This is the rule: the faster the oscillation, the shorter is the average difference in time between the quickest and slowest reactions to the stimulus (Anderson, 1994; Jensen, 1998; Vernon et al., 2000). Jensen (1998) argues that periodic oscillation of the action potentials of assemblies of neurons could underlie the variability in speed tasks. This neural oscillation model is thought to represent neural noise (Barrrett et al., 1990; Callaway, 1979; Fairbank et al., 1991; Jensen, 1992). By analogy, << the static and cross talk on a bad telephone line, reduces the efficiency of communication and thereby increases the time of the callers' conversation, because many words and phrases have to be repeated to get the message across >> (Jensen, 1998, p. 255).
What's neural noise?
More than forty years ago, FitzHugh (1961) noted that neurons can be described as oscillators in which the voltage across the cell membrane changes according to two processes: (a) the fast action potential (or spike) and (b) the slower-varying post-synaptic potential.
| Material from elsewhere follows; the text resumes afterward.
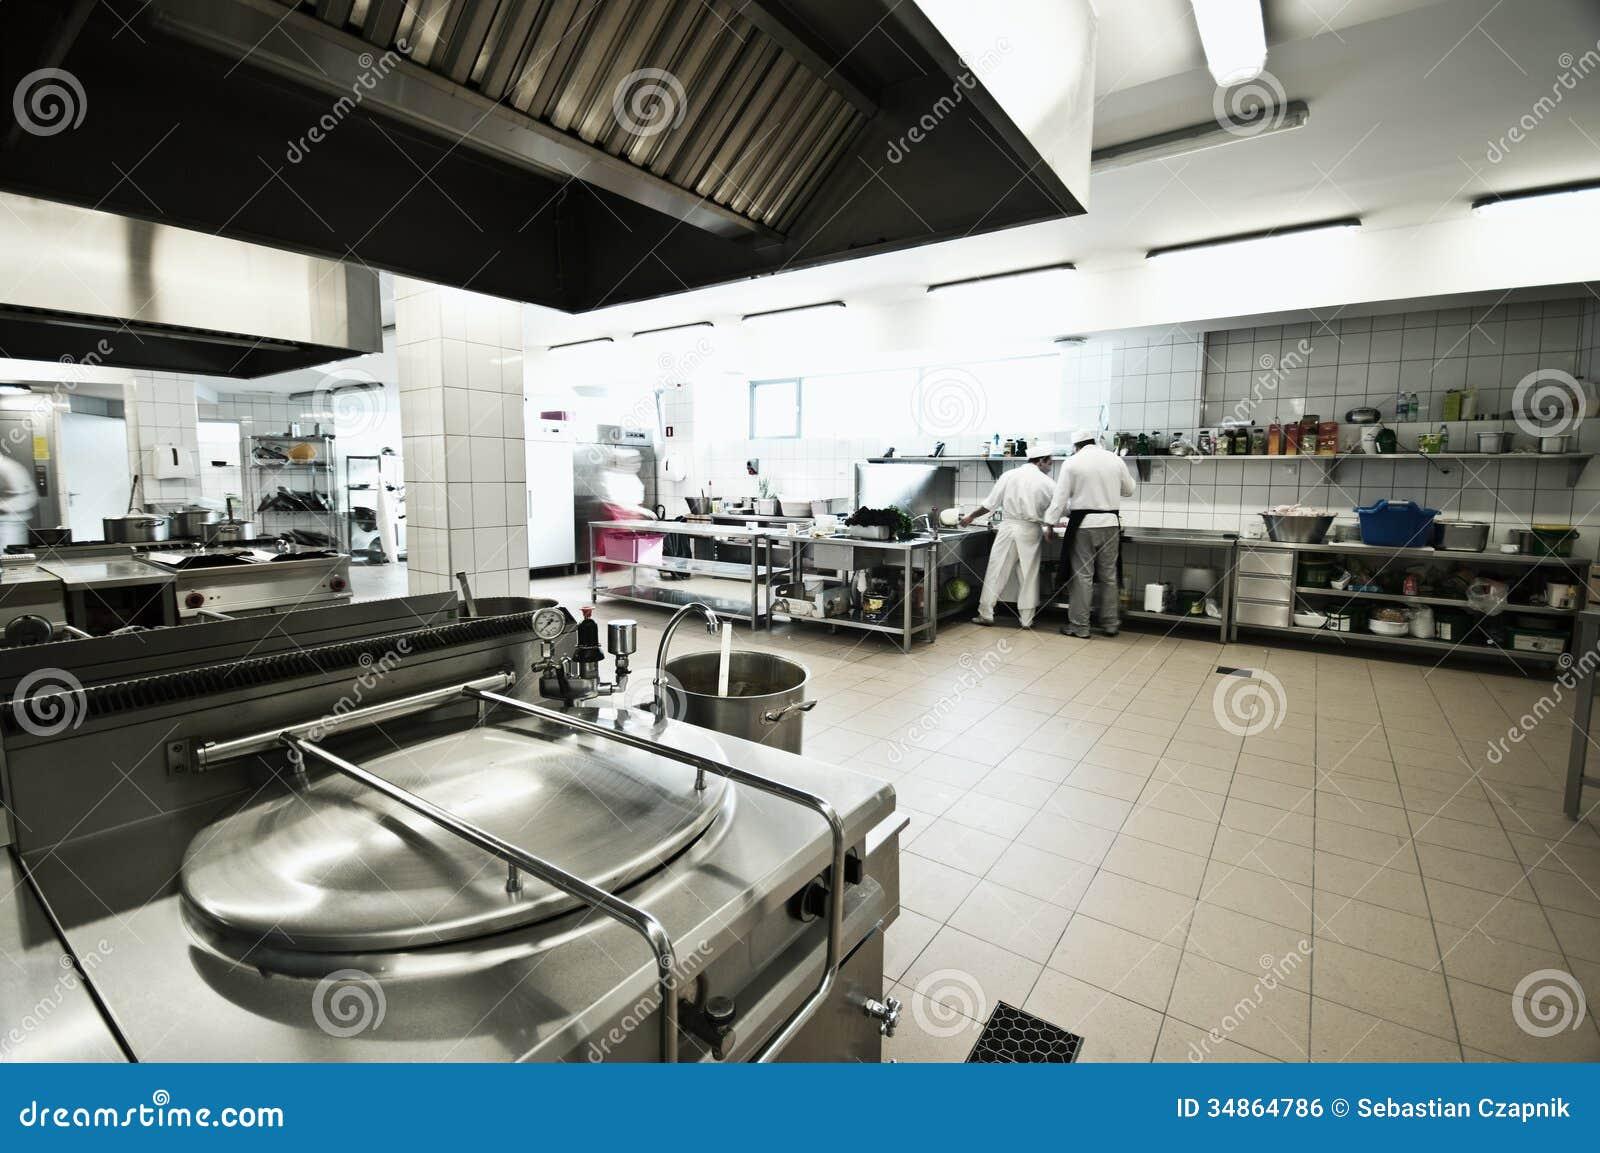 Industriele Keuken Industrial : Industriële keuken stock foto. afbeelding bestaande uit motie 34864786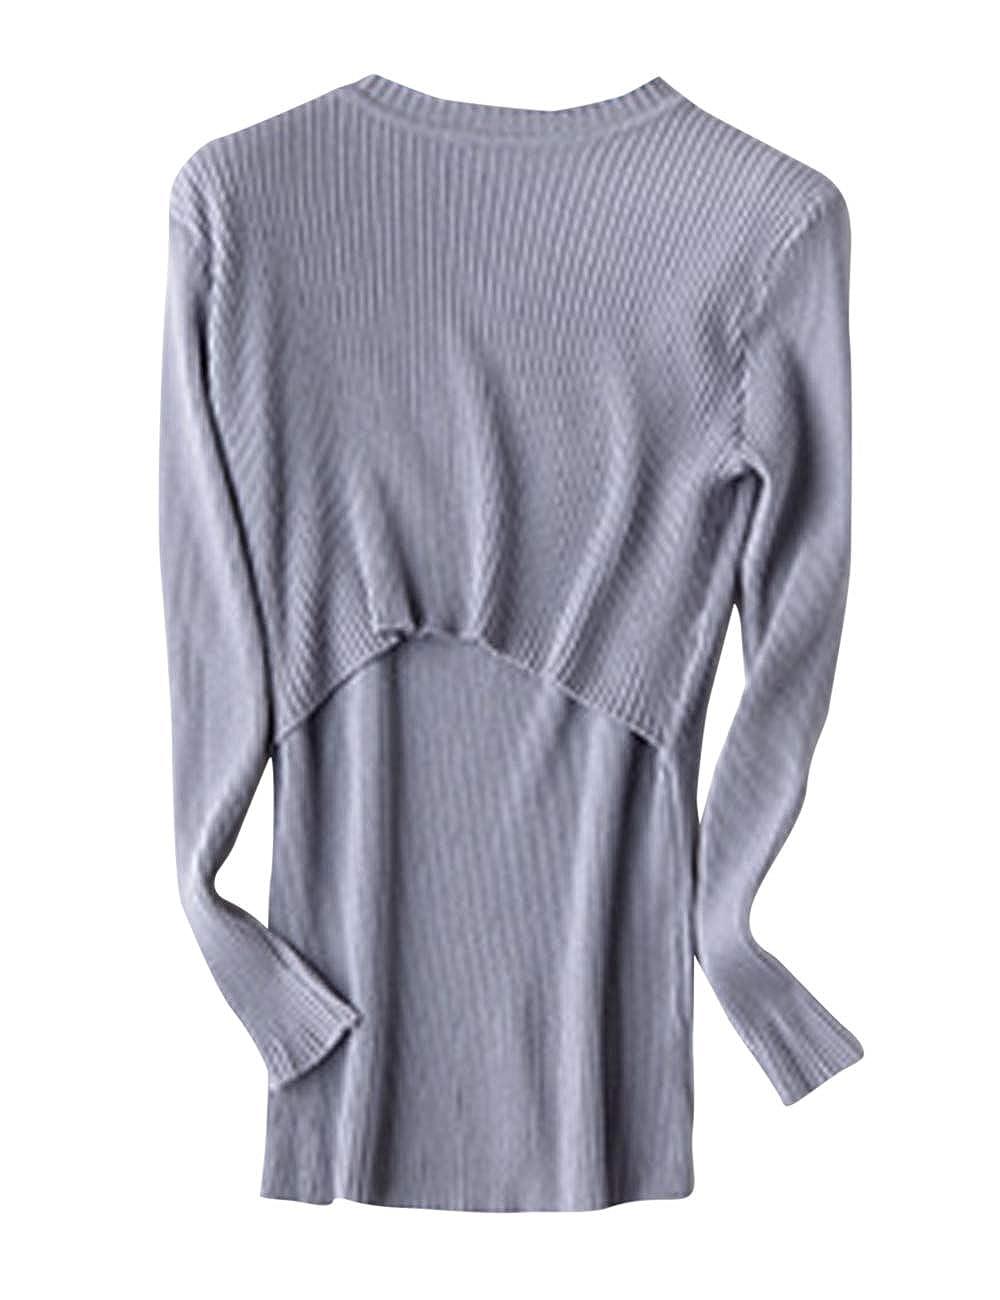 A-Shirt Tops Komfort Einheitsgröße Frauen Mutterschaft Stillen Pflege T-Shirt

More recently, Ward (2003) has suggested that neural oscillations are closely related to basic cognitive processes. << Fundamental cognitive processes arise from the synchronous activity of neurons in the brain (...) Specific oscillations can be identified with particular cognitive processes: theta and gamma rhythms with memory encoding and retrieval, alpha and gamma rhythms with attentional suppression and focusing, and global synchronization at the gamma frequency with consciousness >> (p. 558).
There are some models linking neural oscillations to memory processes (Almeida and Idiart, 2002; Clayton and Frey, 1997; Lisman and Idiart, 1995). For instance, Lisman and Idiart's (1995) model postulates a connection between theta and gamma oscillations produced from the neural basis of memory span tasks (short-term memory and working memory; see Colom et al., 2006). Memories are stored in groups of pyramidal neurons firing in synchrony. This firing dissipates with time, so this requires some sort of refreshing. The individual memories are refreshed at the gamma frequency, whereas the overall refresh cycle is repeated at the theta frequency.
As argued by Ward (2003) if memories are refreshed at the gamma rate once per theta cycle, then the number of items that can be held in short-term memory corresponds to the gamma frequency divided by the theta frequency, or about 40/6 = 7 memories without experiencing a significant loss (Miller, 1956). Importantly, this model may account for variations in short-term memory capacity with task factors and individual differences: << as theta can vary at least over the range 3.5 Hz to 7 Hz and gamma over the range 30 Hz to 70 Hz, a fairly broad range of capacities can be accommodated by the model, from around 3 or 4 items to nearly 20 items >> (Ward, 2003, p. 556).
Flehmig et al. (2007) have reported that higher values for RTSD are systematically detected for patients with focal frontal lobe lesions, traumatic brain injury, epilepsy, dementia, mild cognitive impairment, schizophrenia, attention deficit/hyperactivity disorder, and anxiety-related personality traits. This suggests that processing efficiency can have broad effects on several cognitive and non-cognitive factors. However, whereas we found significant associations between processing efficiency and cognitive abilities, we failed to find a relationship between neuroticism and the index of intraindividual variability.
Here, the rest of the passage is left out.